Do you speak any other languages?

But starting from English sh:

– for ś, move the middle of the tongue up, as with English y

– for sz, move the tongue back, so its tip is just behind the alveolar ridge

You can go either to Google Translate or ivona.com and experiment with random words containing ś or sz.

The differences are similar between ć and cz, ź and ż, and dź and dż.


https://www.duolingo.com/profile/araruney

Yes,my first language is Croatian,our alphabet is quite similar to that of the Czech,actually we took it as a model...

I think i understood it,but i'll try to experiment with some words,the difference to me seems quite subtle,especially in speech,when not so stressed.In croatian we only have Š.

Cz is like Czech Č (and our) if i am not mistaken,ć doesn't trouble me,we have the same letter.

Dź seems like our Dž,and dż like Đ,still trying to figure out ź vs ż


https://www.duolingo.com/profile/vytah

Well, if your dialect of Croatian distinguishes č and ć, then that's exactly that. Just try to extrapolate the difference between č and ć to sz and ś. Even if your č isn't retroflex, it's still better that nothing.

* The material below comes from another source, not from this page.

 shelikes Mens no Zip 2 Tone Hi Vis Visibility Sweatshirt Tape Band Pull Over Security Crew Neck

Of course I know that even if you can hear and pronounce a sound that is A+C, another that is B+D, and another that is B+C it's not always easy to hear and pronounce a sound that is A+D.

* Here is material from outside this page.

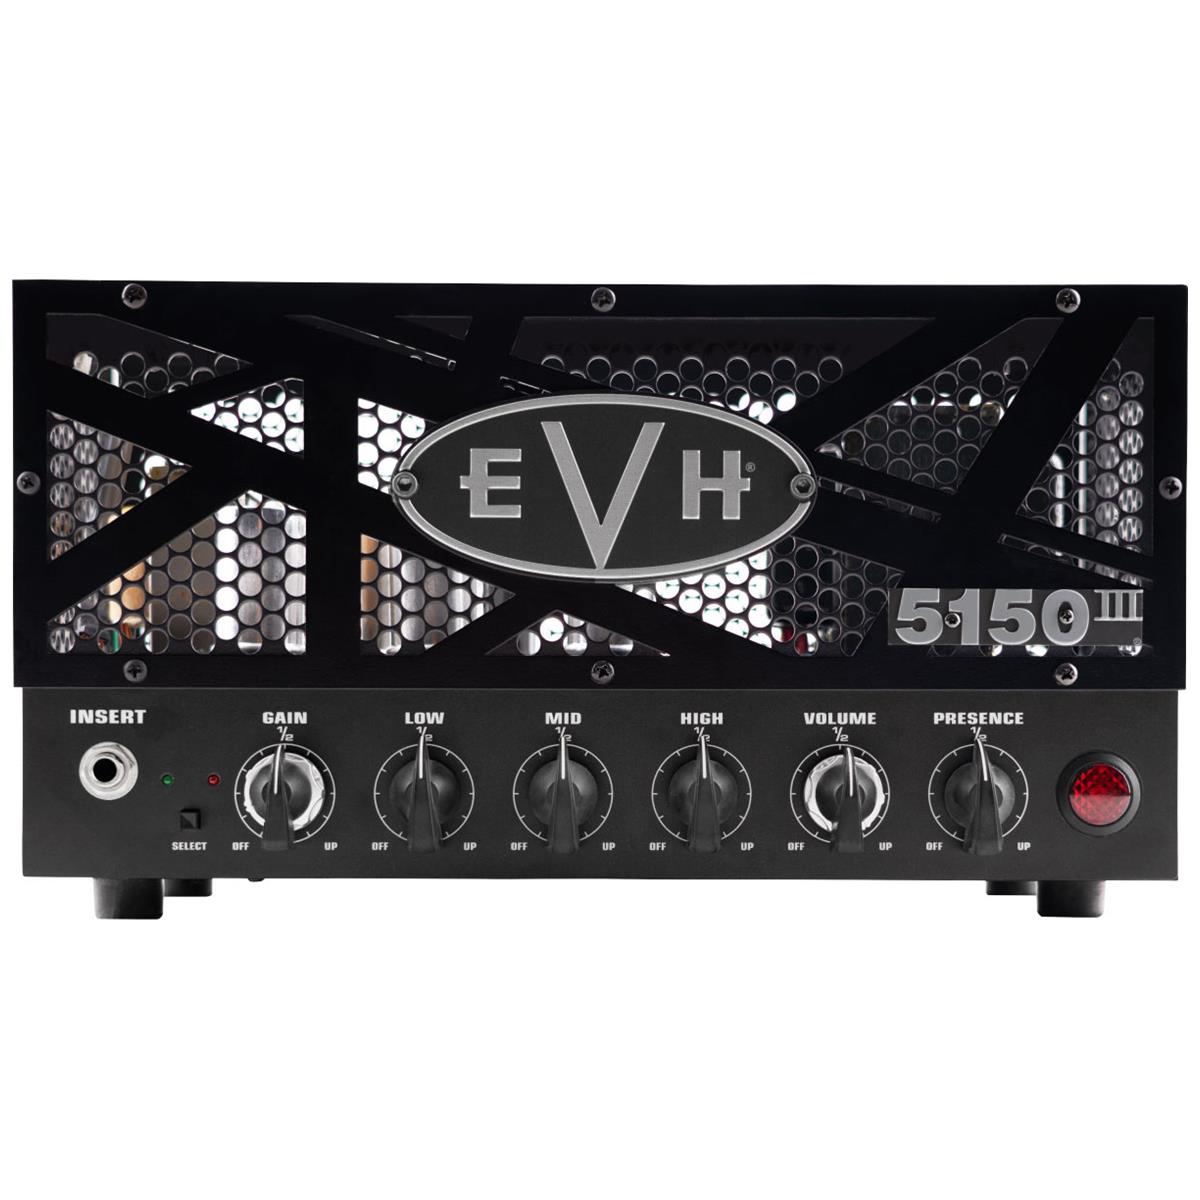 EVH 5150III 15W LBX-S 2-Channel Amp Head The EVH 5150III 15W LBX-S Head packs legendary tone into a diminutive 15-watt amp.A crossbreed between the LBXI and the LBXII, the seductively dark stealth LBX-S blends the Green "clean" channel with the Red "full burn" channel for a sonically diverse soundscape - from pristine cleans that soar to that sizzling modern Brit sound with high-gain attitude.Armed with four JJ ECC83S (12AX7) preamp tubes and two JJ EL84 power tubes, this easy-to-carry lunchbox head also includes dual-concentric gain and volume controls for precise and independent control of each channel, as well as shared EQ presence and resonance controls.Dial in a crystal clean tone or turn the gain up for a bluesier counterpart on the Green channel, and hit the one-button footswitch to select the Red channel for a no-nonsense, scorching overdriven tone that sets leads ablaze with sustain for days.Bedroom players can utilize the 1/4-power switch to reduce the head to 3.5 watts and avoid disturbing the rest of the household, while studio and live musicians can leverage this same feature to turn up the head for a squeezed and spongy tone. This amp is also equipped with dual parallel speaker output jacks, effects loop and one-button footswitch.Boasting exceptional construction, fierce tone and distinctive style, the wildly fun LBX-S Head features a black front panel and black metal grill cage with the Stealth EVH-striped motif. Unique to the LBX-S, this head also has internal LED backlighting that illuminates the cage in either green or red to match the selected channel. And just like all Stealth models, the LBX-S has been modded to include an adjustable bias control port.<b>Crystal Cleans And Blistering Bite</b>This pint-sized, easily-portable head packs Eddie's legendary tone and attitude with two distinct channels. The Green channel sings with pristine and sparkling cleans or even punchy gain for bluesy vibes, while the Red channel revs things up with modern liquid gain and scorching overdriven tone that's ideal for blistering leads.<b>Light It Up</b>Added style points come in the form of an LED backlight, which illuminates the cage in either green or red to match the selected channel.<b>Crank It!</b>Bedroom players can utilize the 1/4-power switch to reduce the head to 3.5 watts and avoid disturbing the rest of the household, while studio and live musicians can leverage this same feature to turn up the head for a squeezed and spongy tone.The LBX-S also has dual gain and volume controls for independent control of each channel and level matching, as well as shared EQ presence and resonance controls.<b>Sound On The Go</b>Four JJ ECC83S (12AX7) preamp tubes up the ante with plenty of saturated, high-gain tone synonymous with Van Halen's high-powered sound when pushed to the brink. Two JJ EL84 power tubes produce Eddie's tonal attitude with a modern twist, delivering distinguished harmonics similar to early British-style tube amps.<b>Tap of The Foot</b>Toggling from the Clean (Ch. 1) to Full Burn (Ch. 2) is just a mere tap of your foot away with the 1-button footswitch.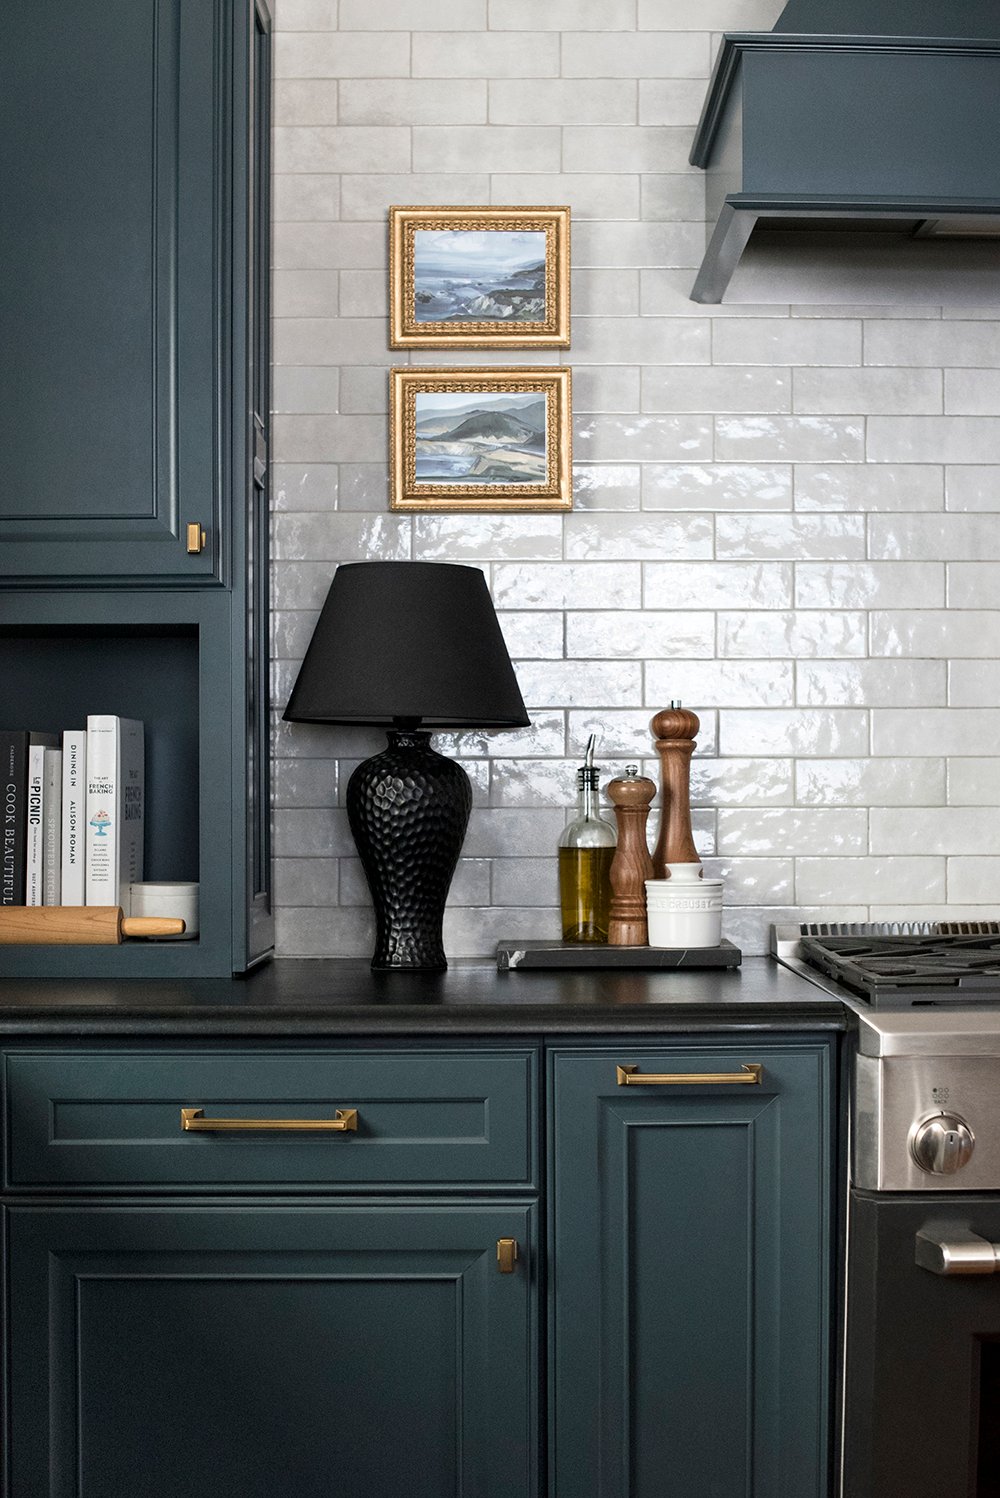 Roundup : Kitchen Countertop Lamps - roomfortuesday.com

https://www.duolingo.com/profile/araruney

Dzięki za pomoc :)


https://www.duolingo.com/profile/vytah

Also: "Dź seems like our Dž,and dż like Đ"

Shouldn't it be the other way around?


https://www.duolingo.com/profile/araruney

Yeah,just a small lapsus on my part :)


https://www.duolingo.com/profile/PhilipPurc

I can't figure out when to use "a" (woda) or ę (wodę). Is it plural, objective, masculine, feminine or is there no consistency. I ALWAYS get it wrong!

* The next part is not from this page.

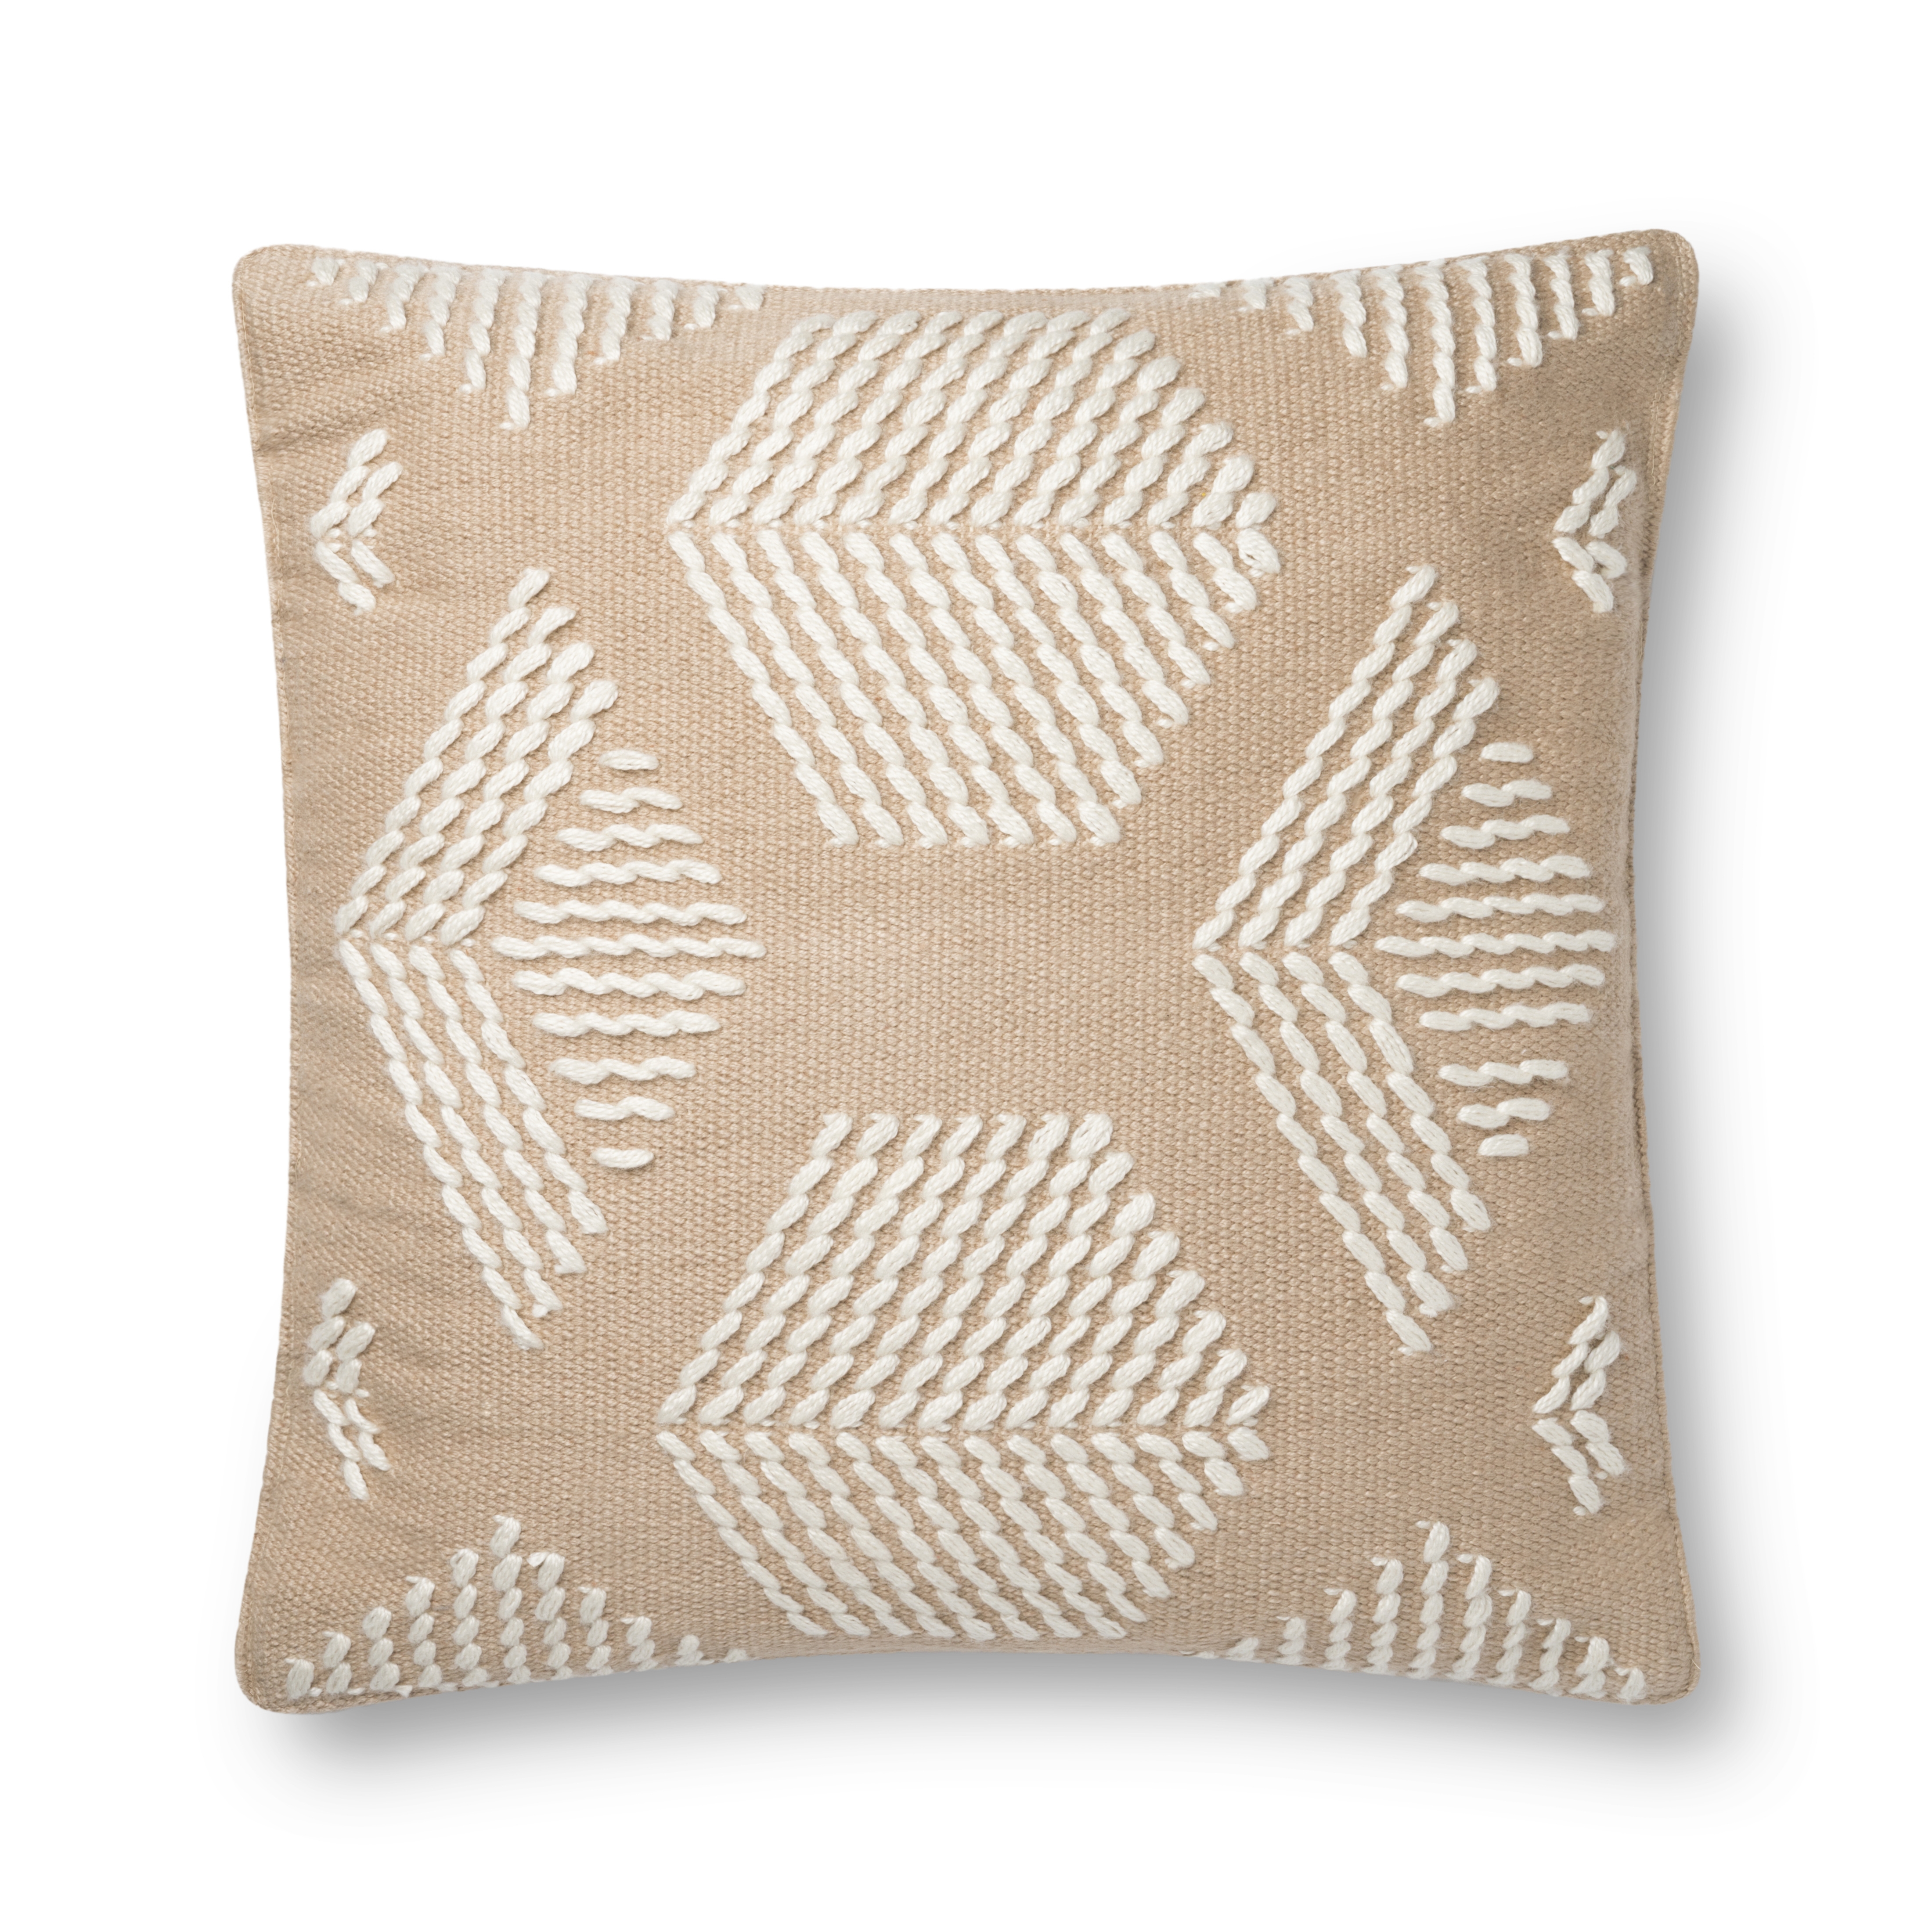 Magnolia Home by Joanna Gaines x Loloi Pillows P1120 Sand / Ivory 22" x 22" Cover Only - Image 0

https://www.duolingo.com/profile/araruney

Here,check it out : https://en.wikipedia.org/wiki/Polish_grammar The difference is in grammatical cases,one is nominative,the other is accusative,they answer different questions.


https://www.duolingo.com/profile/HarleyRose423

So is lubisz for use with the singular form of "you" or the plural form?


https://www.duolingo.com/profile/Kathrin978932

Is the "i" (and) supposed to be the word that is emphasized the strongest? It sounds to me like someone was saying: "You like bread and water" (not just bread or just water like any other person...)


https://www.duolingo.com/profile/Jellei

I don't think it should be emphasized in any special way.


https://www.duolingo.com/profile/Kathrin978932

And does it sound to you in the Polish sentence like it was emphasized? Or does it sound normal to you?


https://www.duolingo.com/profile/Jellei

The male audio - yes, I guess it does sound kinda emphasized. The female one - I don't think so, although I'm not sure.


https://www.duolingo.com/profile/Kathrin978932

Thank you for your help!
I had indeed the male voice in my exercise.